Article in the EU VAT Directive 2006/112/EC

Article 2(1)(a), 9(1), 167, 168 and 178 of the EU VAT Directive 2006/112/EC.

Article 2 (Scope of VAT)
1. The following transaactions shall be subject to VAT:
(a) the supply of goods for consideration within the territory of a Member State by a taxable person acting as such

Article 9 (Taxable person)
1. ‘Taxable person’ shall mean any person who, independently, carries out in any place any economic activity, whatever the purpose or results of that activity.
Any activity of producers, traders or persons supplying services, including mining and agricultural activities and activities of the professions, shall be regarded as ‘economic activity’. The exploitation of tangible or intangible property for the purposes of obtaining income there from on a continuing basis shall in particular be regarded as an economic activity.

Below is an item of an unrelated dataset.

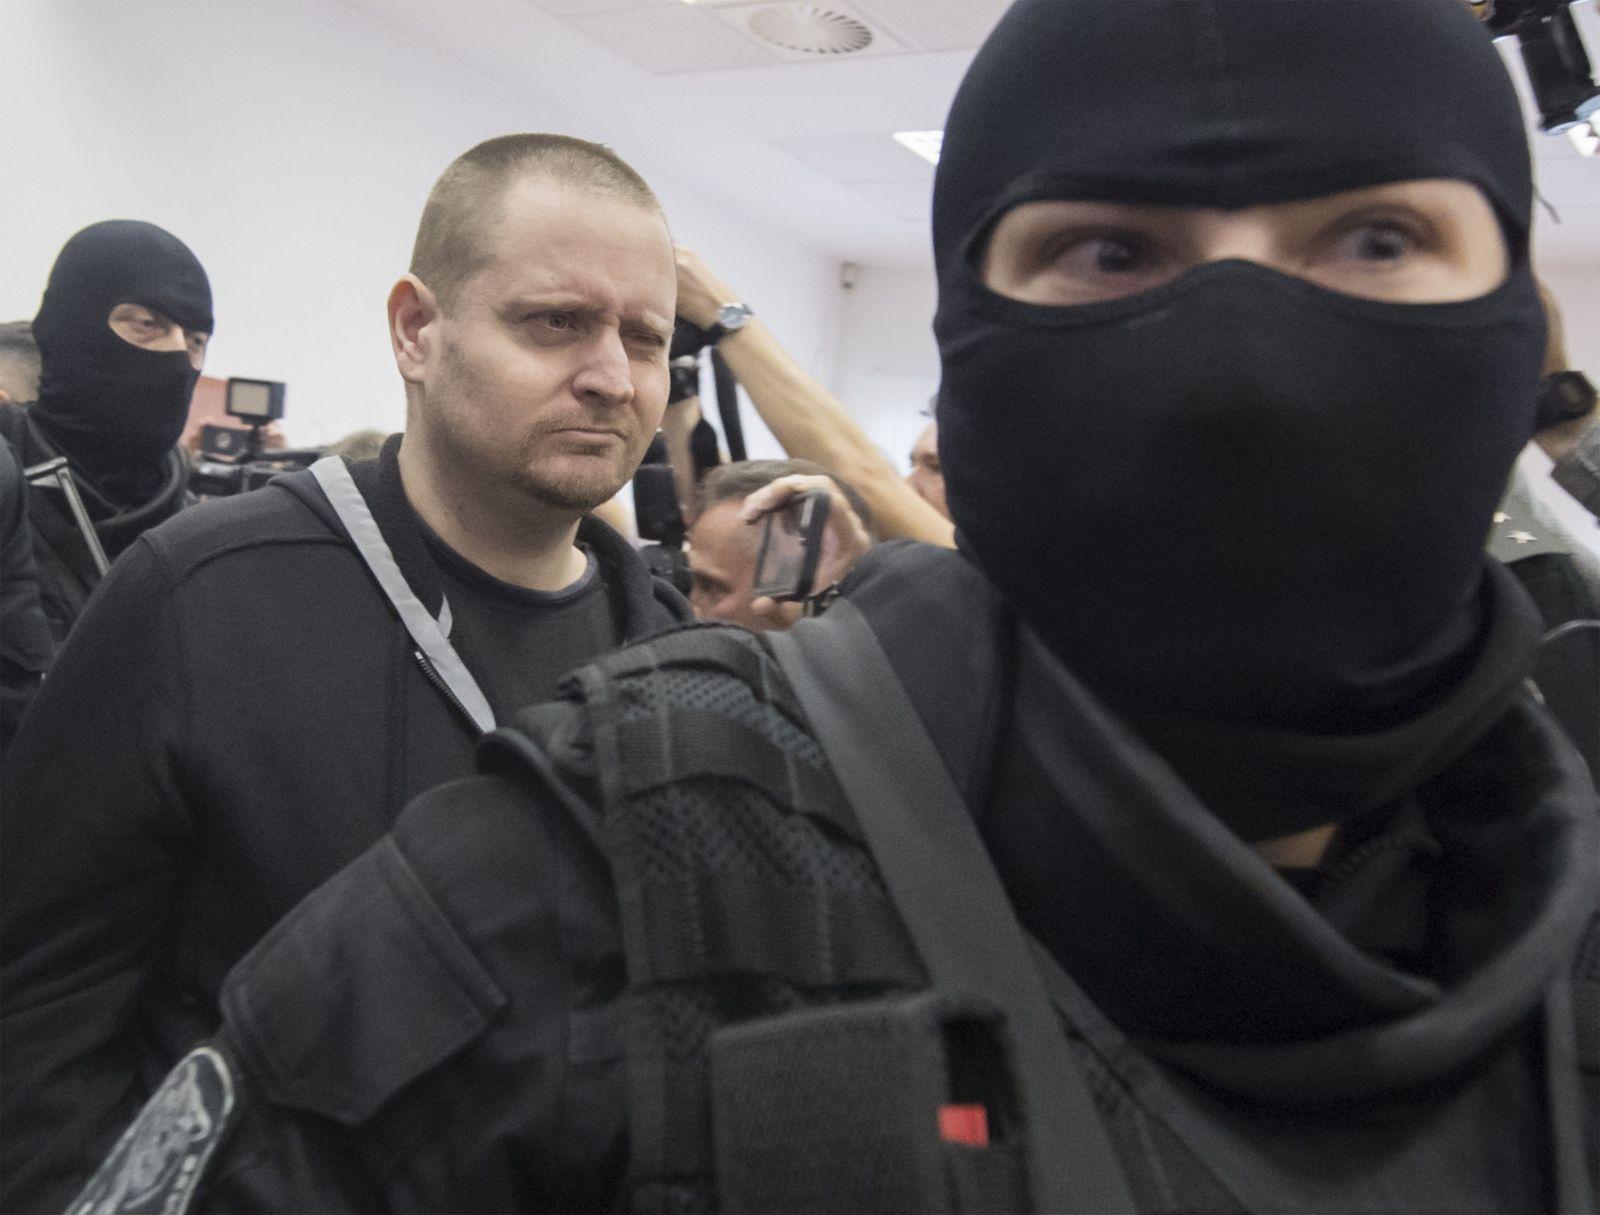 Prvé fotografie Mariana Kočnera, Aleny Zsuzsovej, Tomáša Szabóa a Miroslava Marčeka zo súdu. Toto sú obvinení za vraždu Kuciaka

Article 167 (Right to deduct VAT)
A right of deduction shall arise at the time the deductible tax becomes chargeable.

Article 168
In so far as the goods and services are used for the purposes of the taxed transactions of a taxable person, the taxable person shall be entitled, in the Member State in which he carries out these transactions, to deduct the following from the VAT which he is liable to pay:
(a) the VAT due or paid in that Member State in respect of supplies to him of goods or services, carried out or to be carried out by another taxable person;
(b) the VAT due in respect of transactions treated as supplies of goods or services pursuant to Article 18(a) and Article 27;
(c) the VAT due in respect of intra-Community acquisitions of goods pursuant to Article 2(1)(b)(i);
(d) the VAT due on transactions treated as intra-Community acquisitions in accordance with Articles 21 and 22;
(e) the VAT due or paid in respect of the importation of goods into that Member State.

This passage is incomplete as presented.